Using similar techniques for
identifying and mitigating information security risks, security teams
can help address a variety of threats that span information security,
physical corporate security, compliance, revenue generation, and
marketing. By continuously monitoring social media for malicious
activity, security and marketing teams can identify profiles advertising
pirated content or counterfeit goods, thus saving the organization
potentially millions in lost revenue. This is a perfect opportunity for
security teams to go beyond locking down assets and hardening walls by
empowering other departments to do their jobs more safely and
effectively. Moreover, the financial benefit is immediately tangible and
quantifiable.
- Organizations leak data and provide reconnaissance intel to attackers
For an attacker, social media sites
are an excellent tool to perform reconnaissance on a target
organization. For example, LinkedIn encourages its users to post about
their job roles and responsibilities to network with their colleagues
across the globe, however this information can be dangerous in nefarious
hands. An attacker may learn which employees have access to critical
systems or who has financial signing authority based on role
descriptions, enabling them to craft a more precise attack.
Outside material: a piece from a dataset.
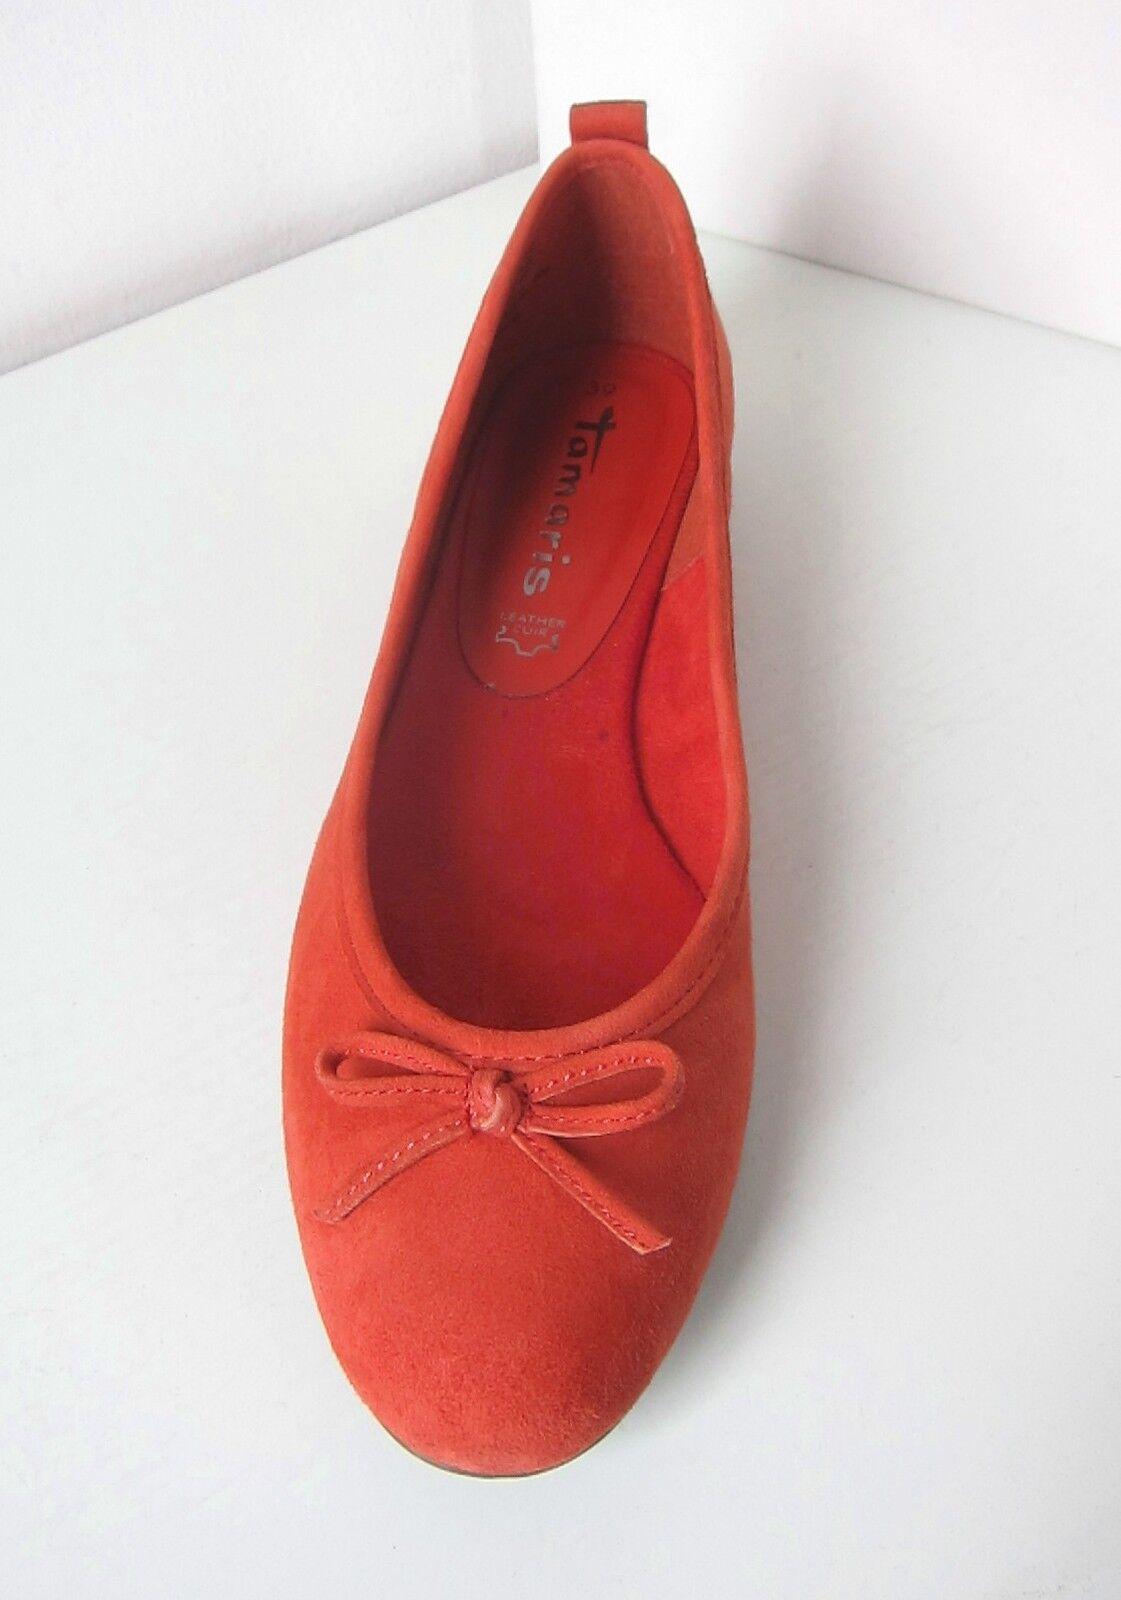 Tamaris Ballerina Wildleder mandarin Gr 40 schuhe suede schuhe 40 orange ballerinas birago 452e1d

Similarly,
if a network engineer posts that they are certified for a certain
firewalls, that can give attackers the information needed to determine
that there is a high probability that their target organization uses
said product.
Personal information can also be
readily weaponized by an attacker during a social engineering campaign.
The more information an attacker can glean about the victim’s family,
hobbies, home address and personal connections, the better they can
craft a unique spearphishing message.
Social media challenges must be solved collaboratively
Social media is an inevitable
constant for conducting business in the modern world. As marketers,
recruiters, salespeople, and advertisers continuously expand their
presence, security teams must work alongside them to ensure it is done
safely and securely. To address social media risks, security teams must
work closely with several other departments. Other departments all are
faced by risks on social media, and security teams are now tasked with
remediating risk while enabling secure usage of social networking
channels. Most importantly, security teams must lead this initiative.